Autonomous incidents: Exploring strategies for monitoring, understanding and learning from failure in autonomous systems
This is exploring the strategies and processes that enable reporting and learning from AS safety incidents, focusing on the domain of healthcare where many of these challenges are particularly pronounced. The project team is engaging with key national bodies and regulators to identify and define a set of principles, methods and functions that support healthcare organisations and regulators to rigorously analyse and learn from AS incidents.
The challenge
A critical part of assuring the safety and social acceptability of autonomous systems (AS) is ensuring that there are robust and trusted processes in place to identify, understand and learn from safety incidents and other adverse events. One particularly urgent challenge concerns how safety incidents and adverse events associated with these systems should be identified, reported, analysed and investigated to ensure that incidents are effectively learnt from and safety is continuously improved.
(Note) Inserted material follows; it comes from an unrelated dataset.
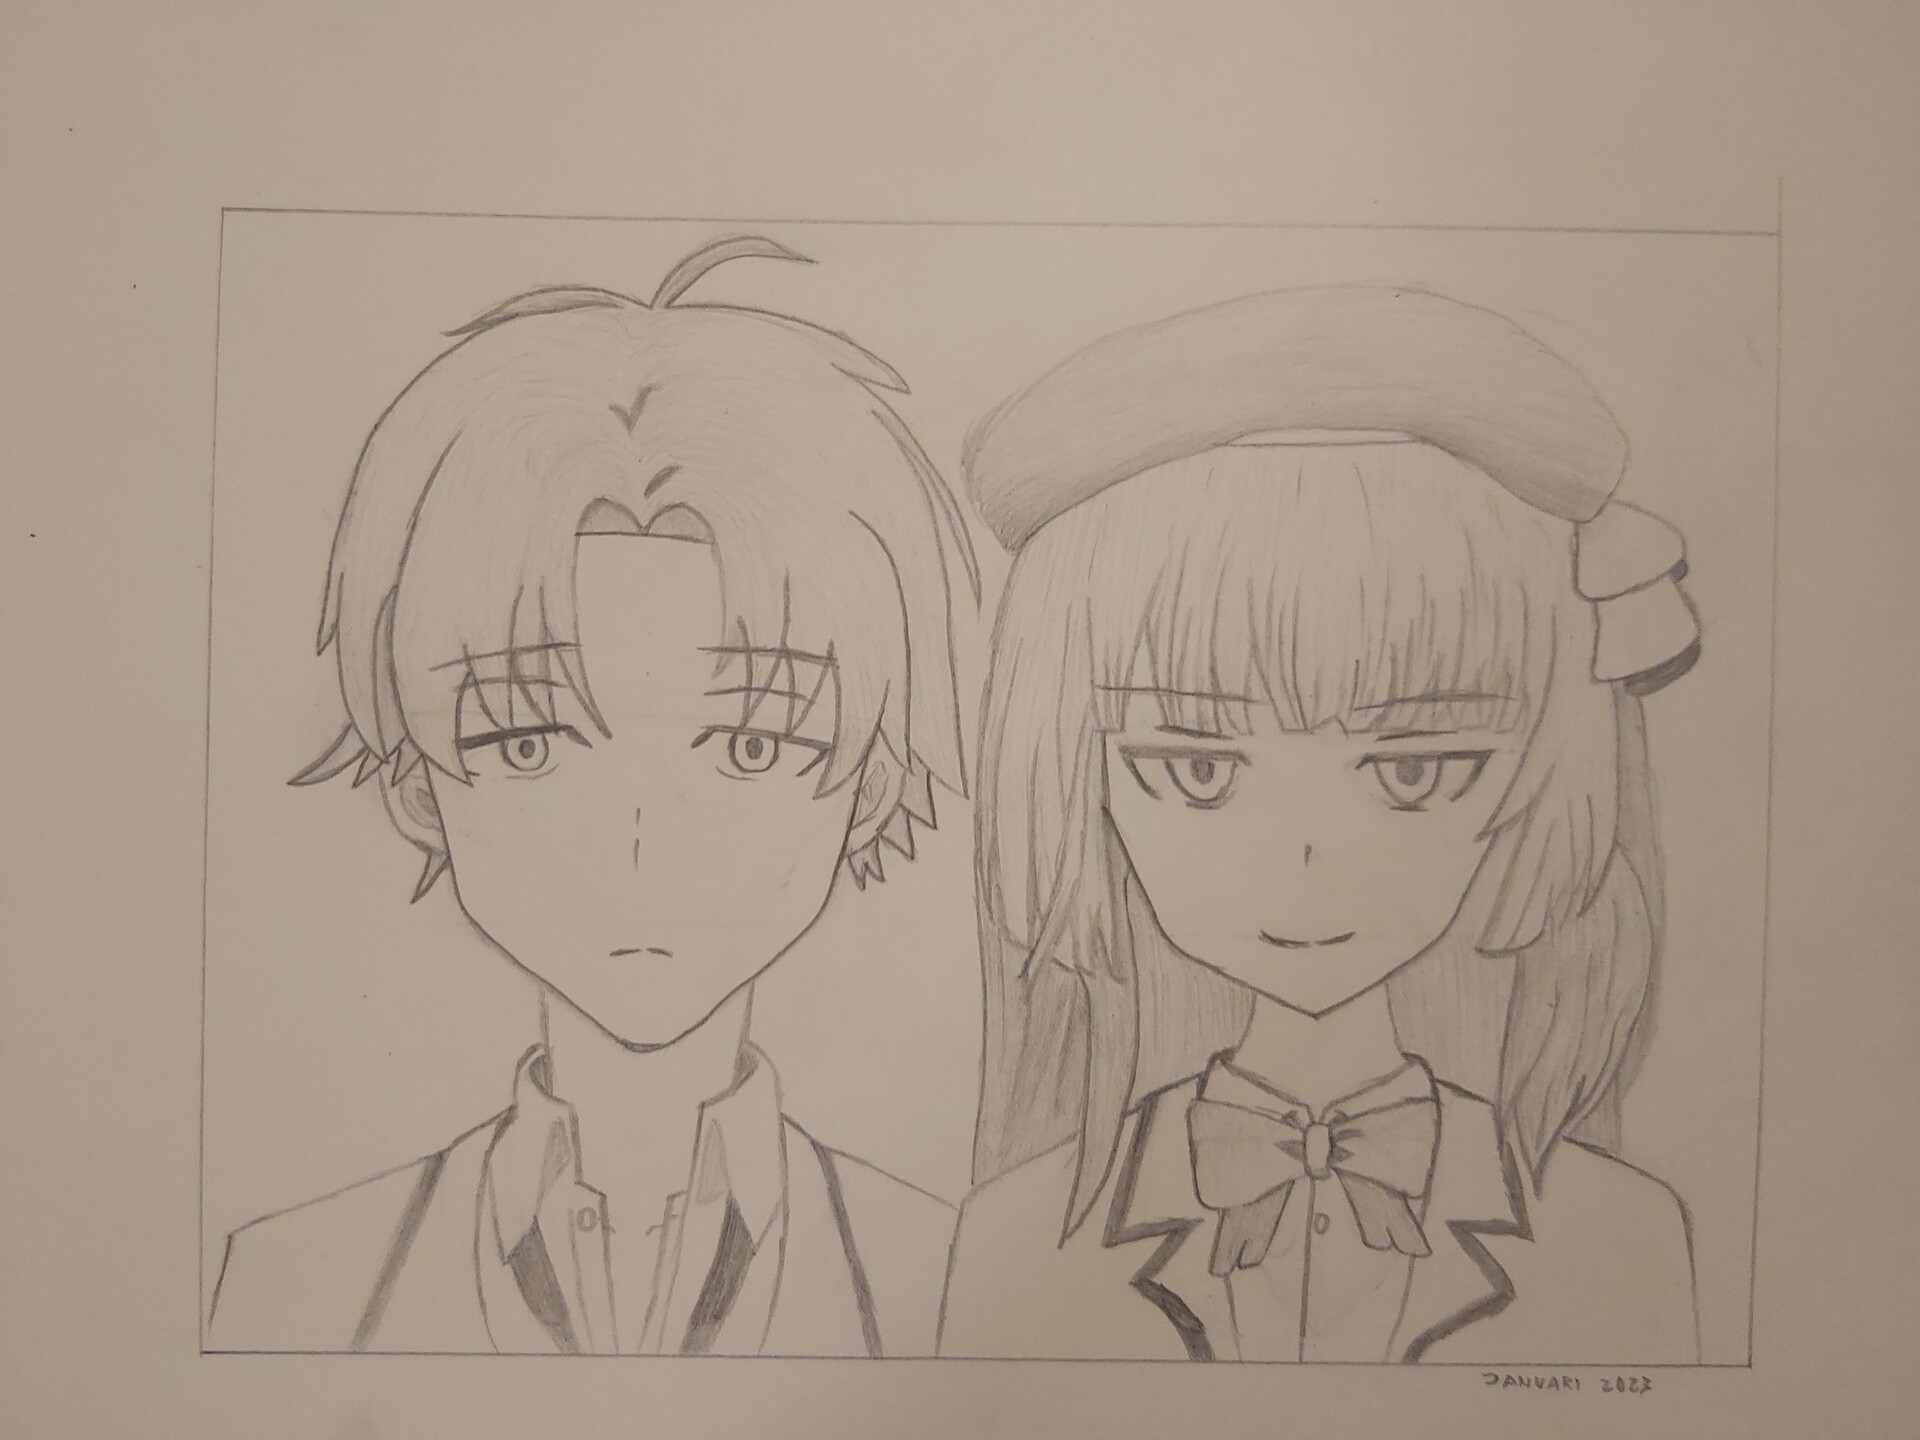 Arisu sakayanagi  Animation art character design, Anime character drawing,  Anime classroom

However, analysing and learning from AS safety incidents faces a range of challenges including the inherent opacity of some technologies underpinning AS, the potential for novel and unforeseen failure modes, the breadth of specialist knowledge and expertise needed to understand AS incidents, and the wide variety of stakeholders and agencies with a responsibility for the safety and regulation of emerging autonomous technologies.
The research
The project will develop three sets of deliverables across four interrelated phases of work.
The deliverables are:
- Mapping out key incident types, data requirements and methods relevant for the analysis and monitoring of AS incidents in health and care.
- Identifying practical models and strategies for investigating and responding to AS incidents.
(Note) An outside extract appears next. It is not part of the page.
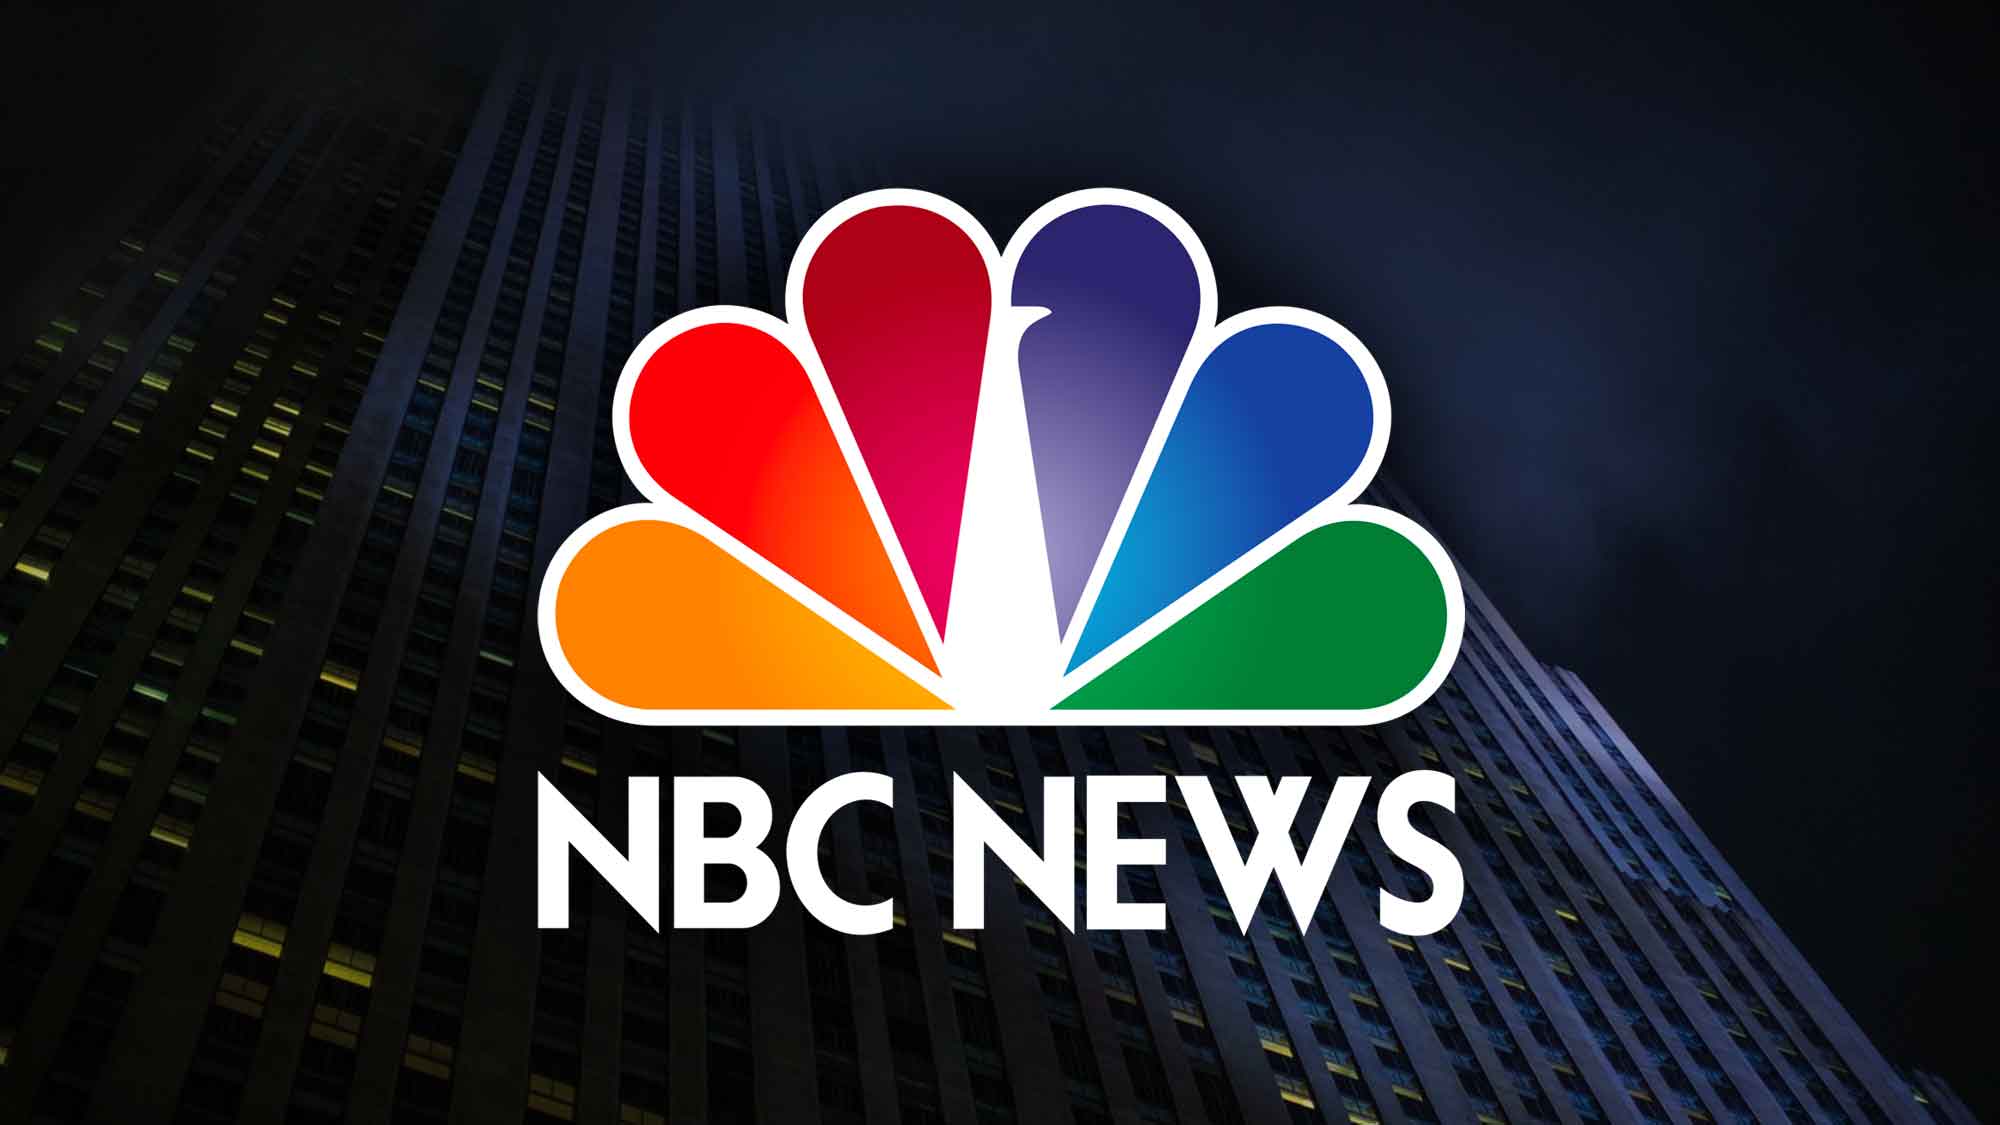 Newsroom Coffee And Sugar Habits At NBC News

- Defining the core organisational components, functions and interfaces of an infrastructure for learning from AS failures.
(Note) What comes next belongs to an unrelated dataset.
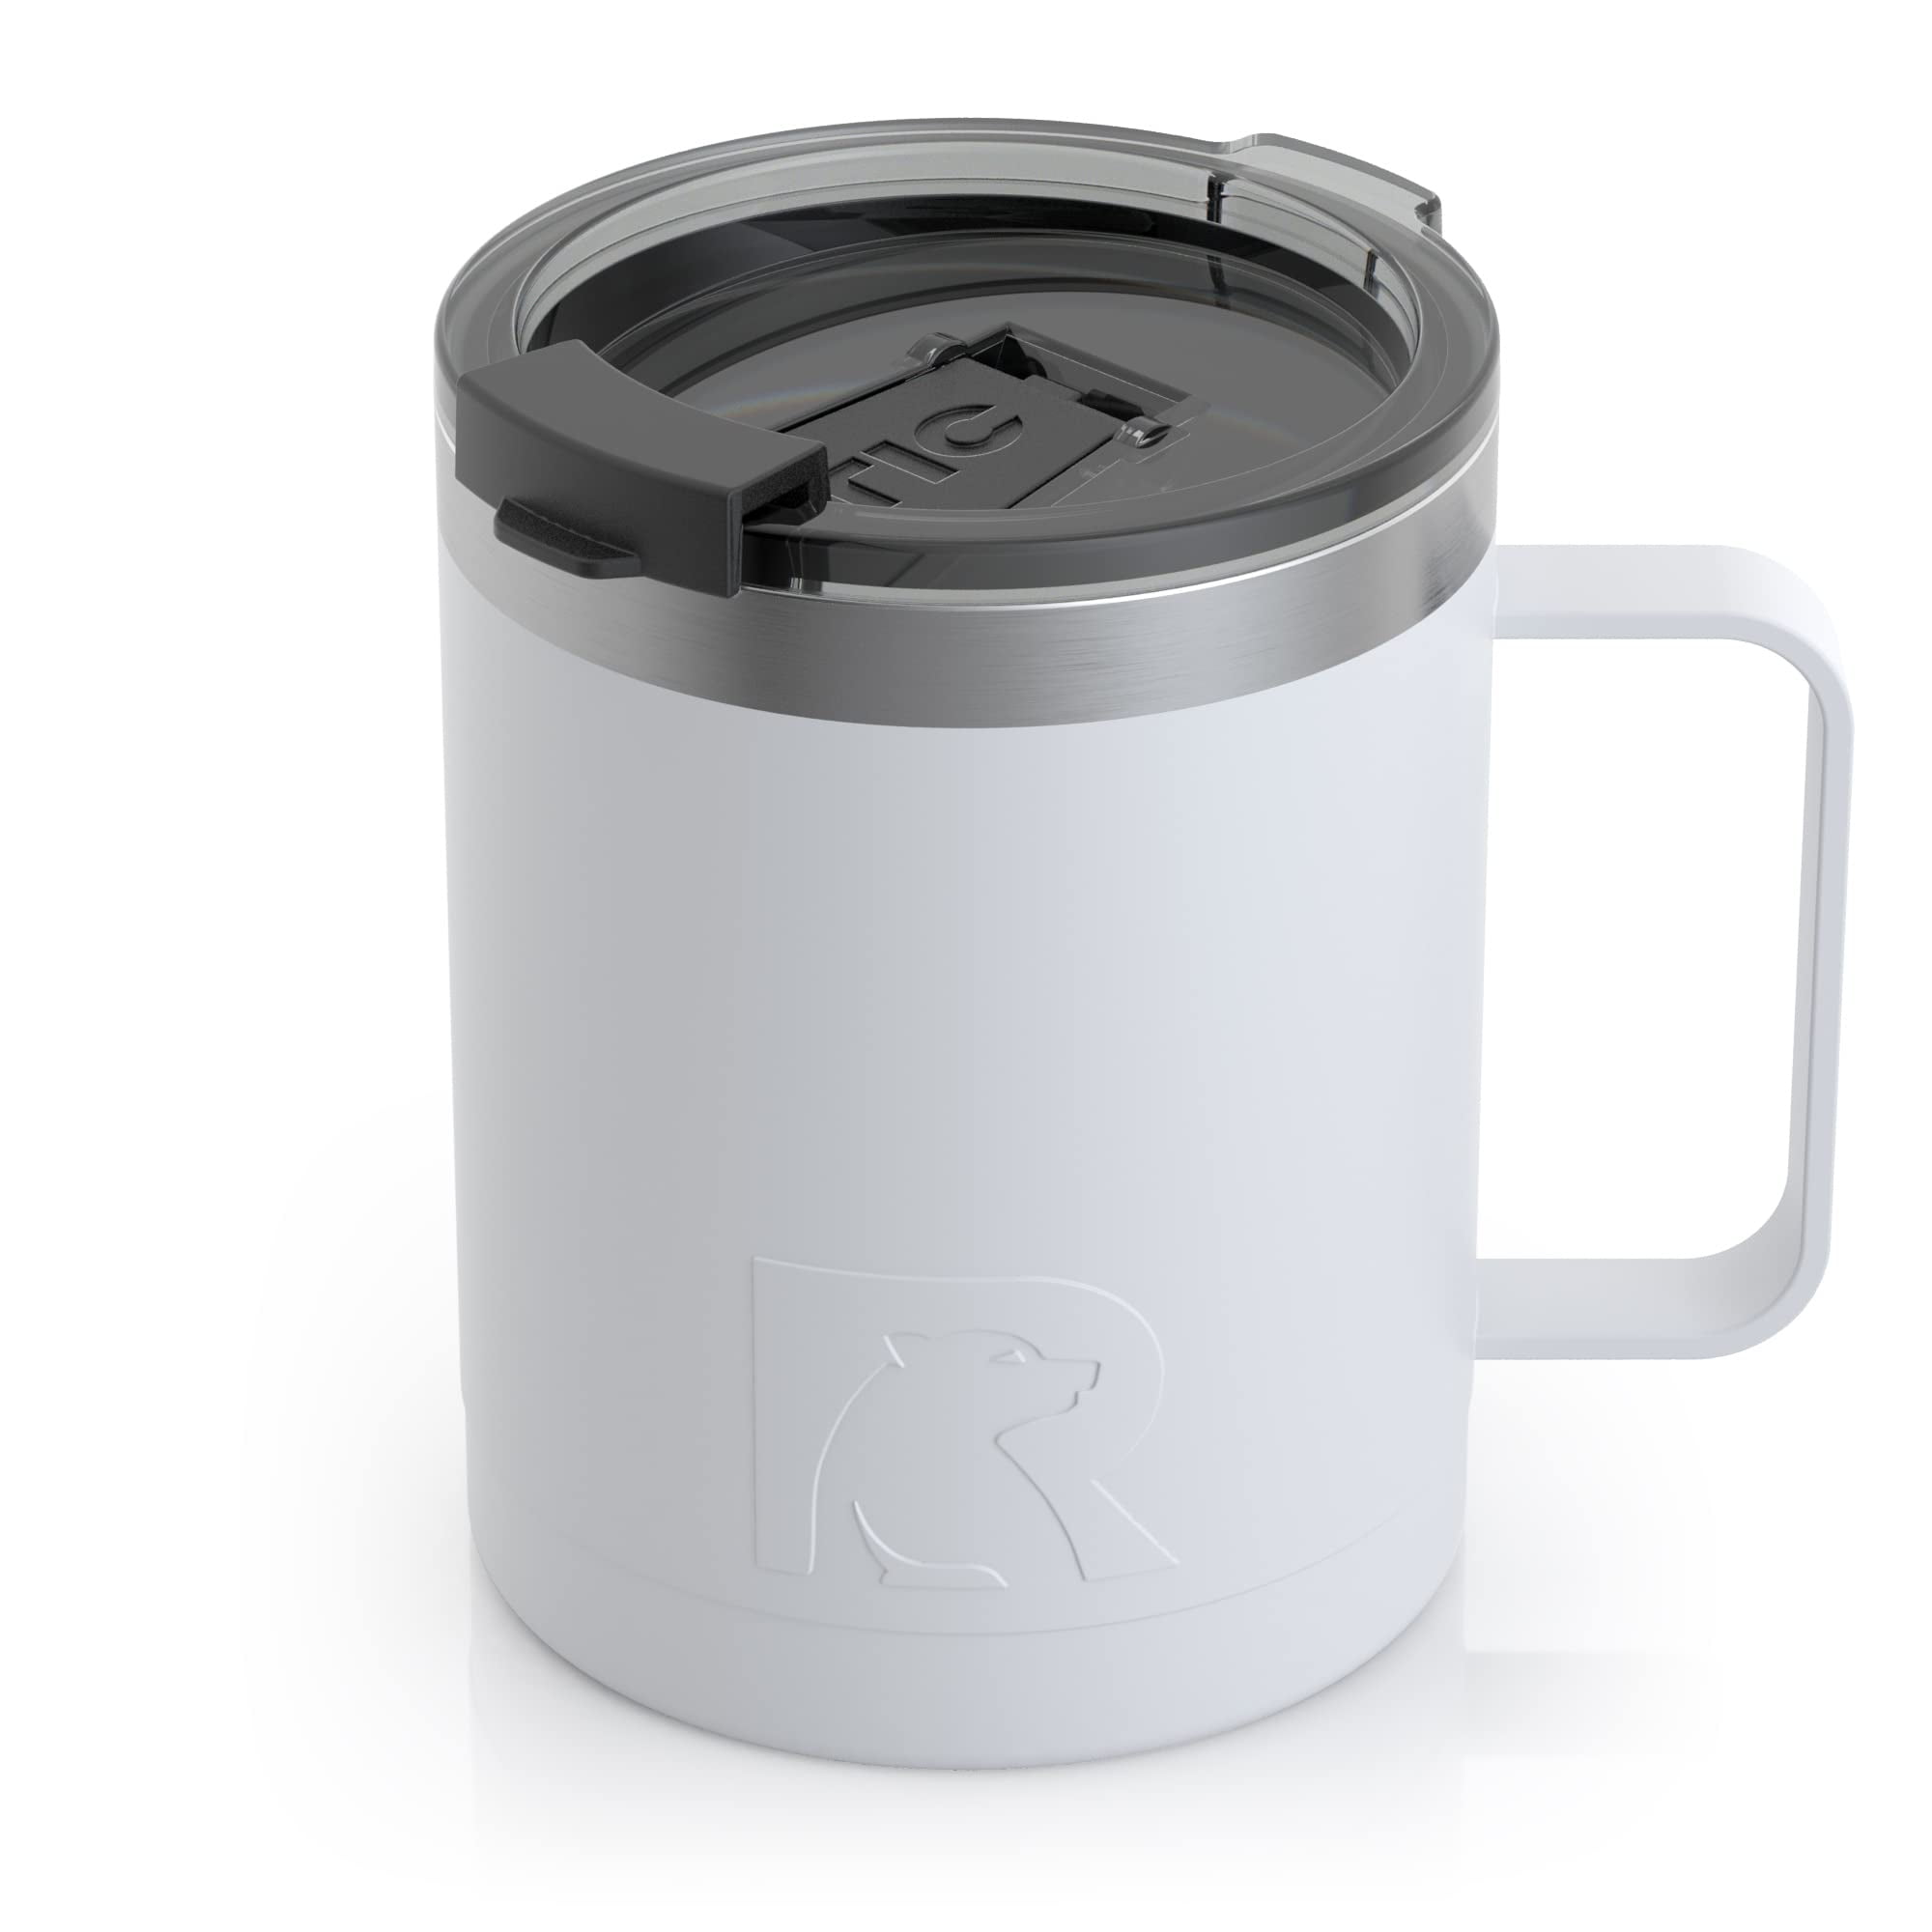 rtic 04143 RTIC Coffee Mug w/ Handle

The four stages are centred on the collaborative creation and simulated exploration of a hypothetical AS failure scenario. They are:
Stage 1. Develop AS failure scenario
Identify and develop a hypothetical major AS failure scenario (eg missed diagnosis in medical image screening across multiple patients). Map key contributory factors and risk controls, spanning technical, organisational and regulatory factors.
Stage 2. Review incident types, data and methods
Identify precursor events associated with failure scenarios and which illustrate reportable AS incident types. Determine types of safety data needed by different participants (e.g. developers, providers, regulators, investigators).
Stage 3. Explore AS incident investigation models
Explore the methods and approaches to investigating AS safety incidents, simulating end-to-end processes across all levels of the health system. Define data required, participants to be engaged, and skills needed throughout response processes.
Stage 4. Define organisational functions for learning from AS incidents
Consolidate findings and define organisational infrastructure and functions required to support learning from AS incidents (e.g. professional roles, policy priorities, just culture characteristics, etc).
This failure scenario is being developed in collaboration with the UK’s Care Quality Commission (CQC), in light of recent experience regulating AI-based care providers, and is expected to focus on the application of AS in radiology and medical imaging. A range of stakeholders will then be engaged to collaboratively explore and collectively analyse how the illustrative AS failure scenario should be engaged with, including CQC and its regulatory partners as well as healthcare organisations and technology developers.
The results
The early phases of this project have explored the types of safety incidents and risk events that might be associated with different forms of autonomous systems in a range of health and care settings in future, as well as an initial exploration of the range of sociotechnical precursor events that might contribute to these events. The most recent work on this project has deepened this analysis by identifying and focusing particularly on image and diagnostic pathways and the risks and safety factors associated with autonomous systems in those contexts. These sources of risk and safety are being analysed by regulators, clinicians and other stakeholders to collaboratively develop a detailed hypothetical autonomous system failure scenario, and map the range of precursor events, consequences, and risk controls that may be associated with these. This hypothetical failure scenario and associated materials will be further explored and refined to act as the basis for a simulated incident response and investigation process to explore the activities and functions that can enable learning from autonomous system safety incidents in healthcare settings.